▶ Source material:
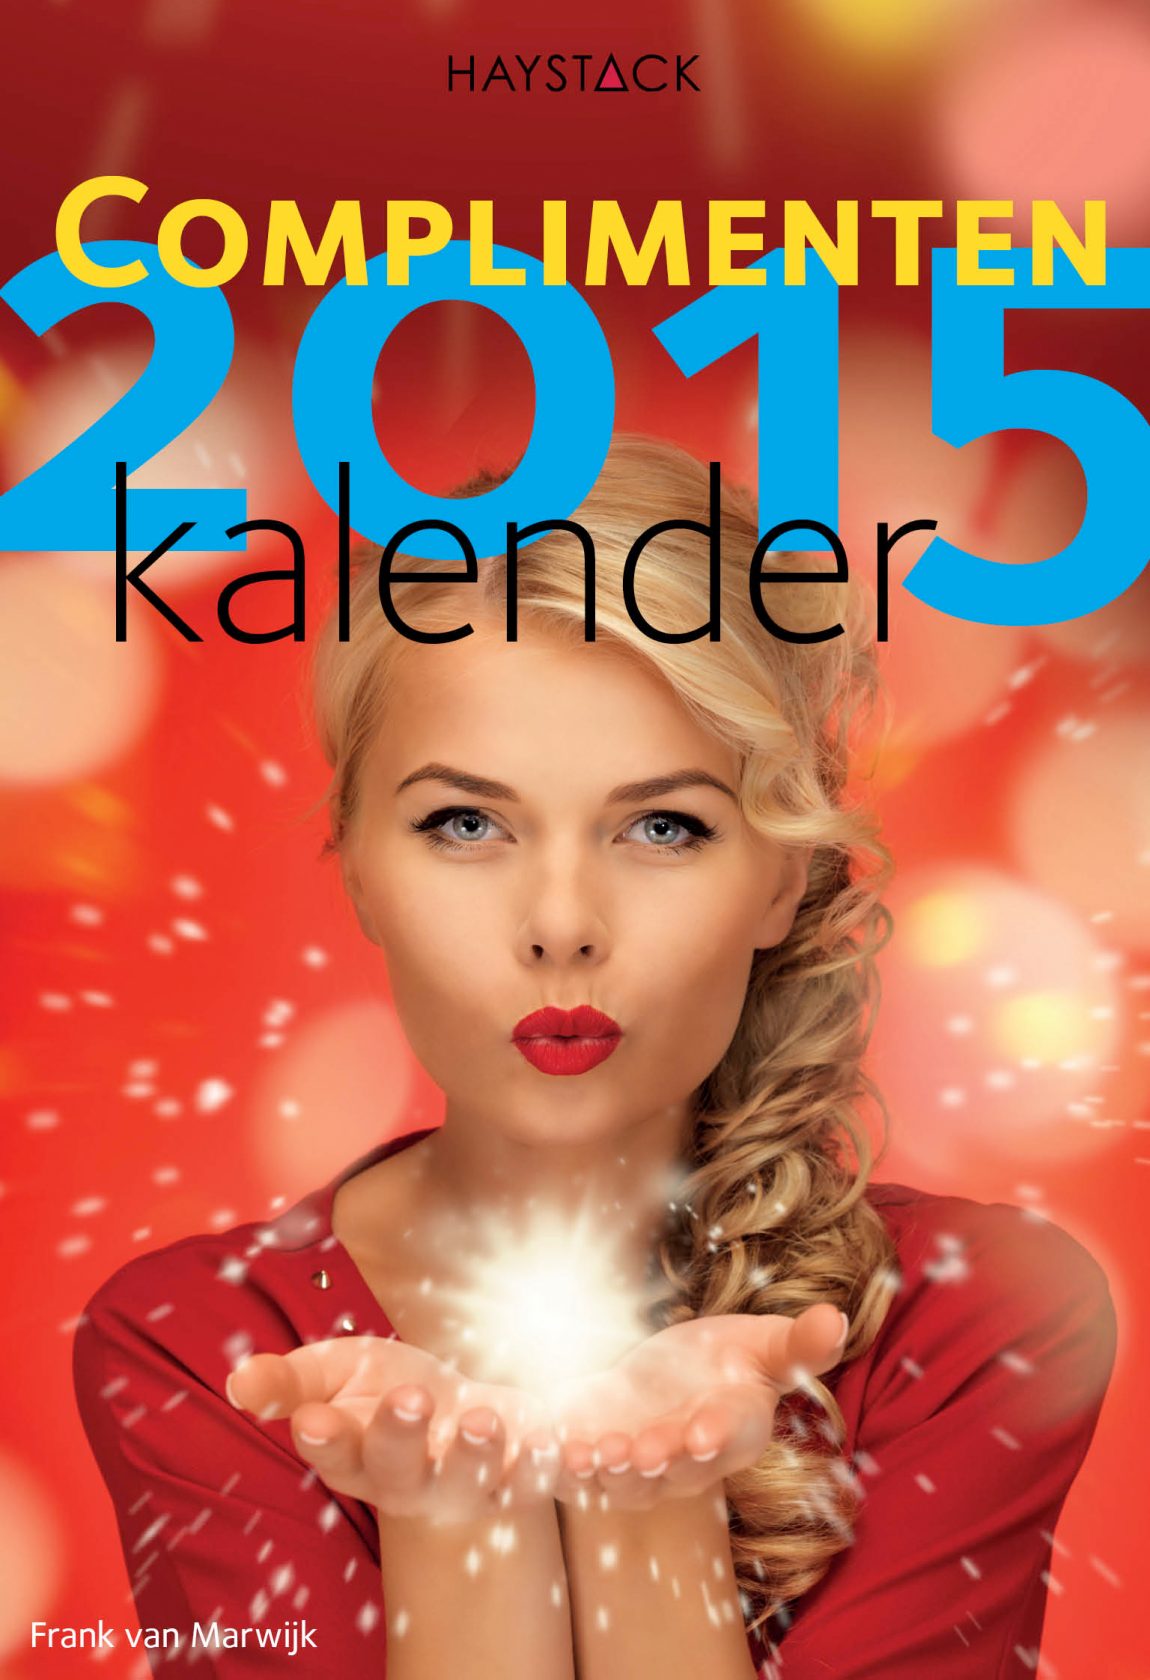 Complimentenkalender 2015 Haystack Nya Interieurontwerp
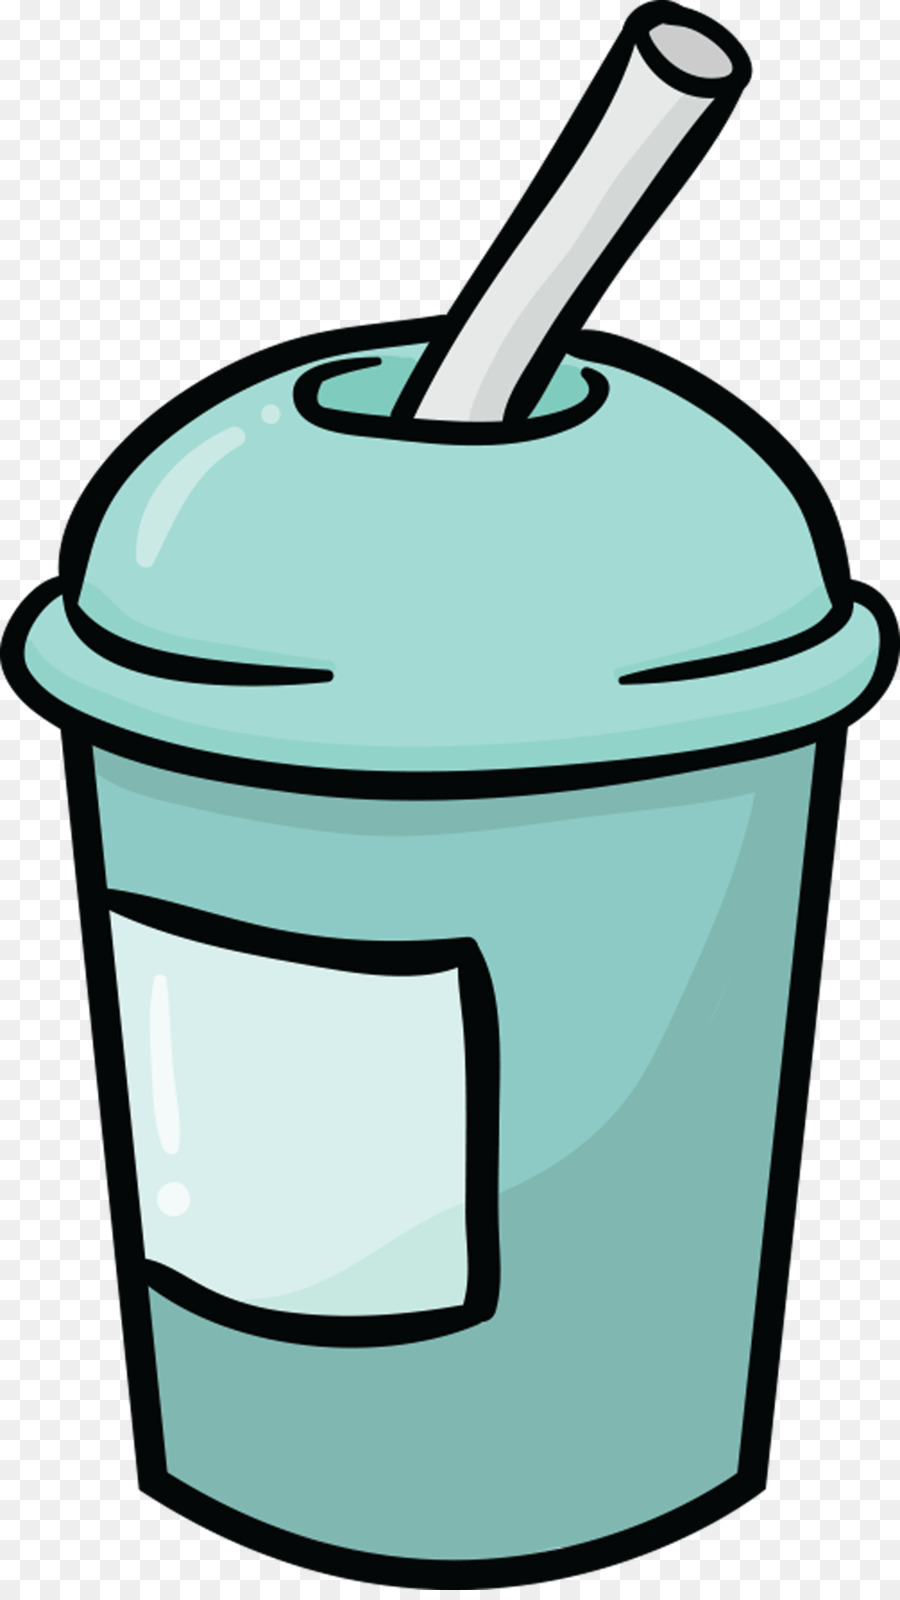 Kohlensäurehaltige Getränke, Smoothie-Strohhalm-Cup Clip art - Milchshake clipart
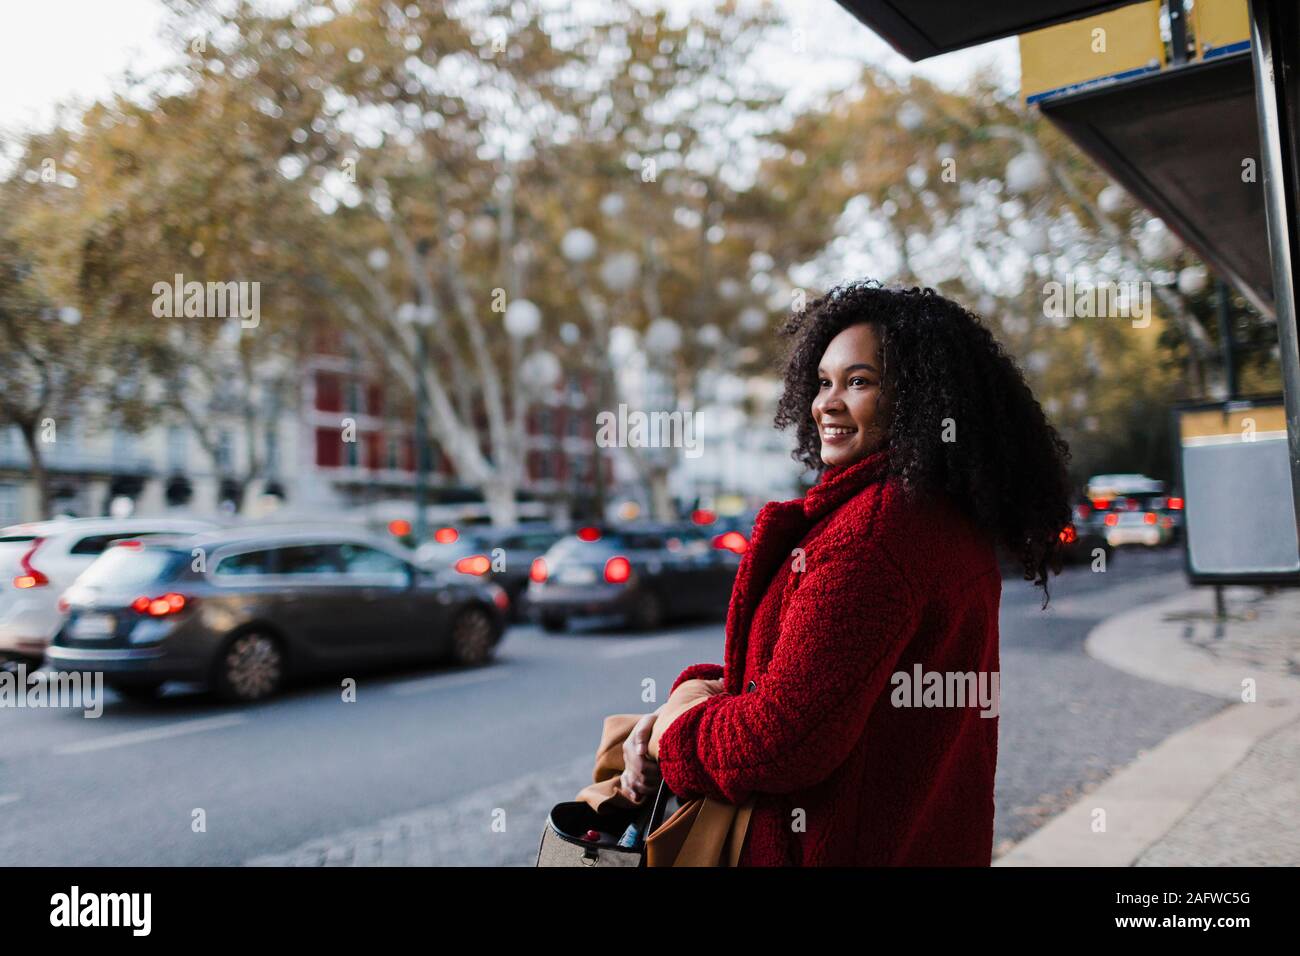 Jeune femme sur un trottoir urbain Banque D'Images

▶ About this task: From the first line to the last, return the material above exactly, apart from the pictures.

▶ Written answer:
 Complimentenkalender 2015 Haystack Nya Interieurontwerp
 Kohlensäurehaltige Getränke, Smoothie-Strohhalm-Cup Clip art - Milchshake clipart
 Jeune femme sur un trottoir urbain Banque D'Images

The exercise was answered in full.